Nexus 4 (LG phone in Nexus range) -
£29 upfront, £35 a month on Three
http://www.store-3.co.uk/3-three-lg-google-nexus-4.html?ref=phonefinder

Nexus 7 -
Also offered free with subscriptions to The Times, Financial Times etc. and
Free via mobiles.co.uk - http://www.mobiles.co.uk/free-google-nexus-7.html

iPhone 5 -
£49.99 upfront, £46 a month with EE. Get it for £20 if you take a 4G plan. http://shop.ee.co.uk/apple-iphone-5-16gb-black-and-slate/pay-monthly/details/

iPad Mini -
Free with £50 deposit on a £31 contract - http://shop.orange.co.uk/mobile-broadband/tablet/
£49 upfront, £27 a month on Vodafone - http://www.vodafone.co.uk/shop/ipad-and-tablets/ipad-and-ipad-plans/index.htm?cid=rdr-1746-01
£49 upfront, £35.99 a month on EE - http://shop.ee.co.uk/ipad-mini-16gb-black-and-slate/pay-monthly/details/

iPad with Retina -
£99 upfront, £27 a month on Vodafone - http://www.vodafone.co.uk/shop/ipad...ipad-plans/index.htm?cid=rdr-1746-01#device_1
£149.99 upfront, £35.99 a month on EE - http://shop.ee.co.uk/ipad-with-retina-display-16gb-black/pay-monthly/details/


People might be buying WiFi only and SIM only more at full price for Christmas, I know one or two who've done so myself, but subsidised deals help the take-up of devices like this significantly all year round.

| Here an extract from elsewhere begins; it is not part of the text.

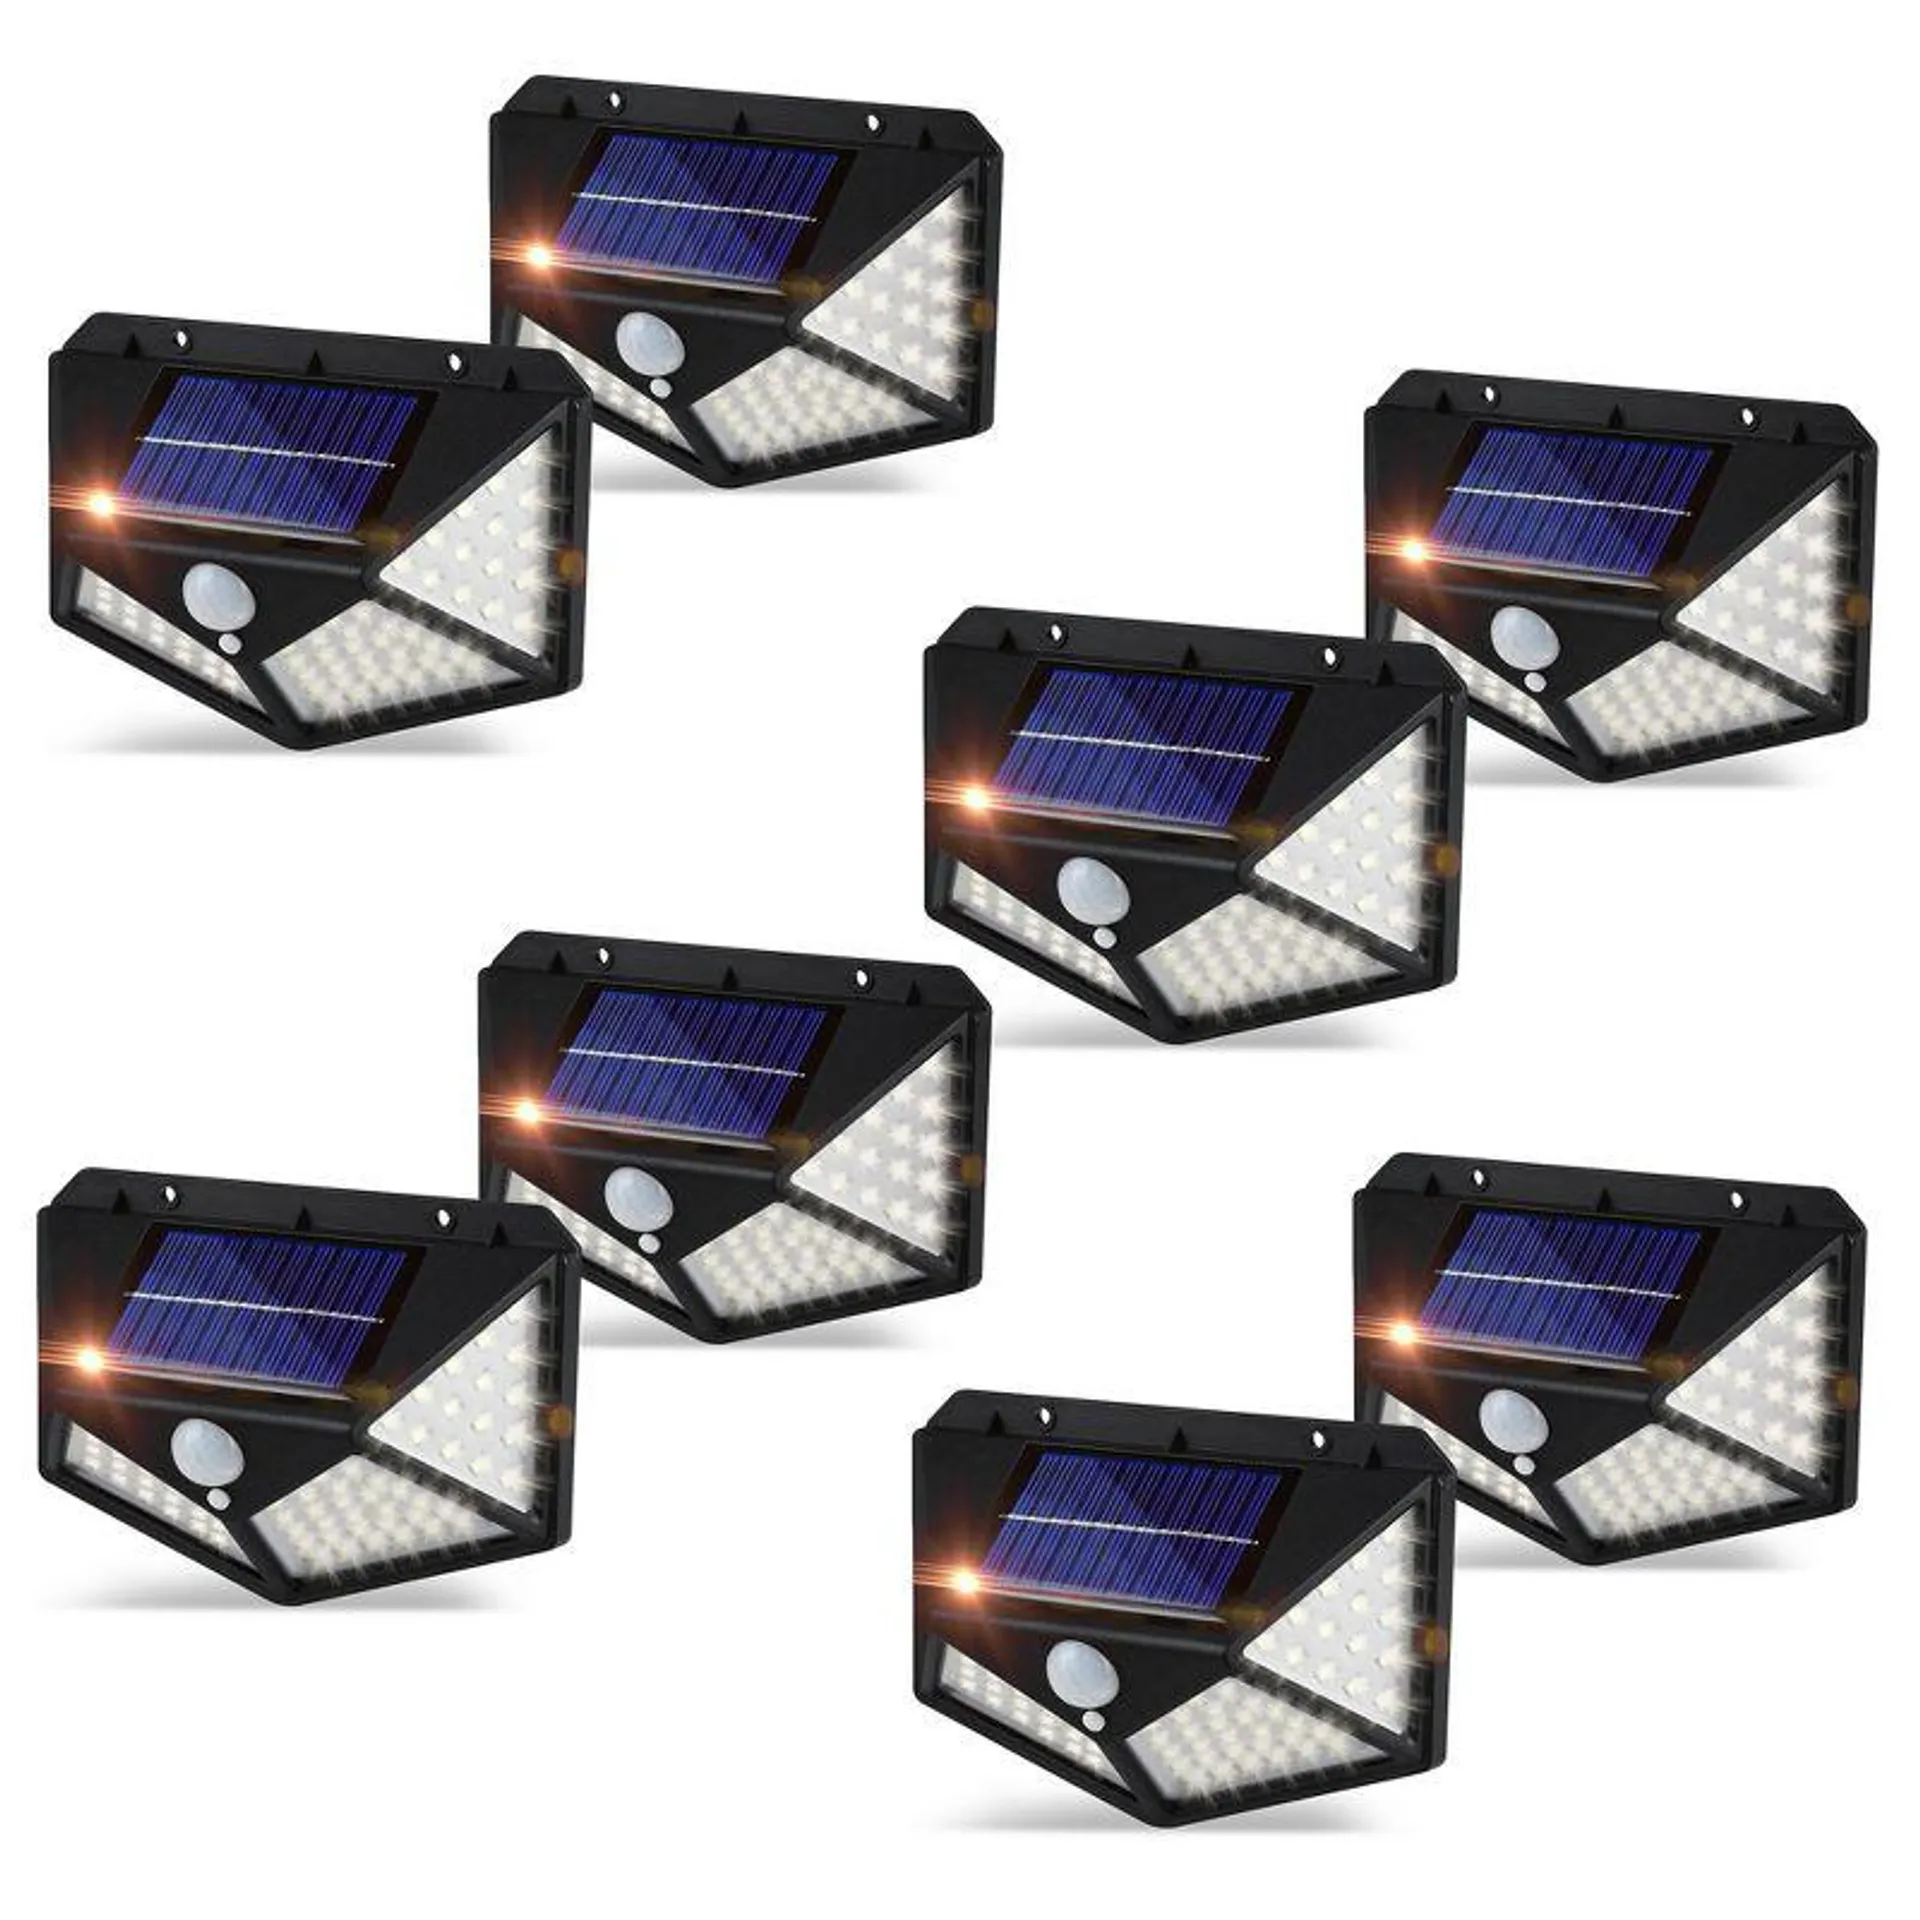 Dartwood Outdoor Solar Lights with Motion Sensor - 100 LED 450 Lumens Bright Weatherproof Wall Spotlight for Gardens Porches Walkways Patio (4-8 Pack)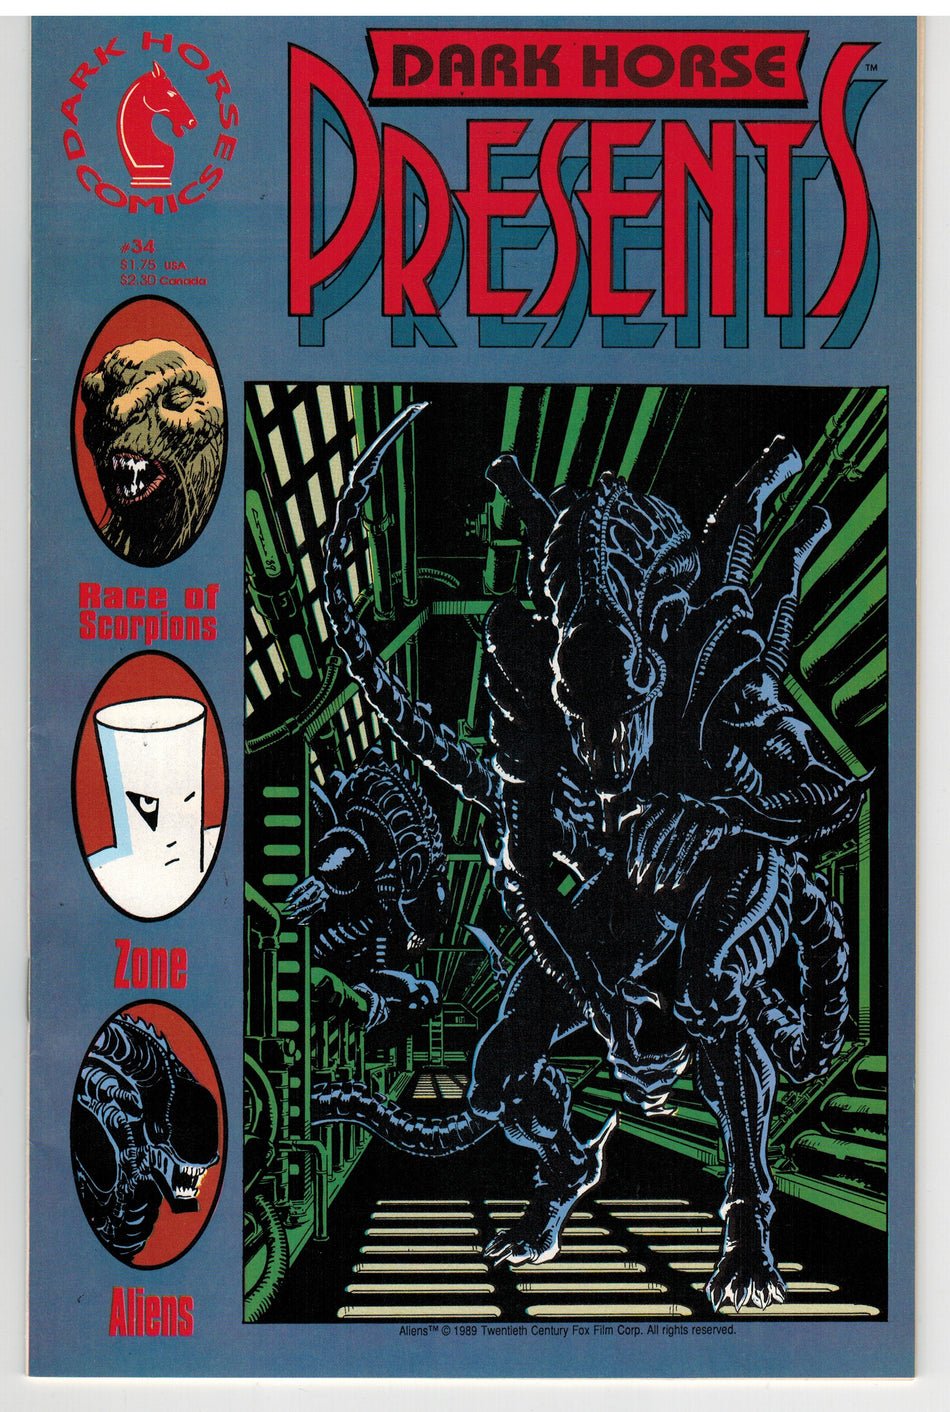 Photo of Dark Horse Presents, Vol. 1 (1989) Issue 34 - Fine Comic sold by Stronghold Collectibles

The cost spreading flexibility available, in smartphones in particular, makes it very hard to make meaningfully direct comparisons re: popularity / interest vs products that do not have that luxury.
 

Majmun

Member
Going for a soft launch and releasing it during the holiday season...
Doesn't sound logical to me.

There just isn't much demand. There are some things that you just can't spin.
 

SmokyDave

Member
My bad, he said his Vita must be 'fucked'.

That's not the bit that you misrepresented, as you well know. My issue lies with the description of the framerate as 'unplayable'. Since I own the console version and have put 30 hours into the Vita version, I'm pretty sure I'd have noticed an 'unplayable' framerate. I can only conclude that the issue lies with herod's Vita.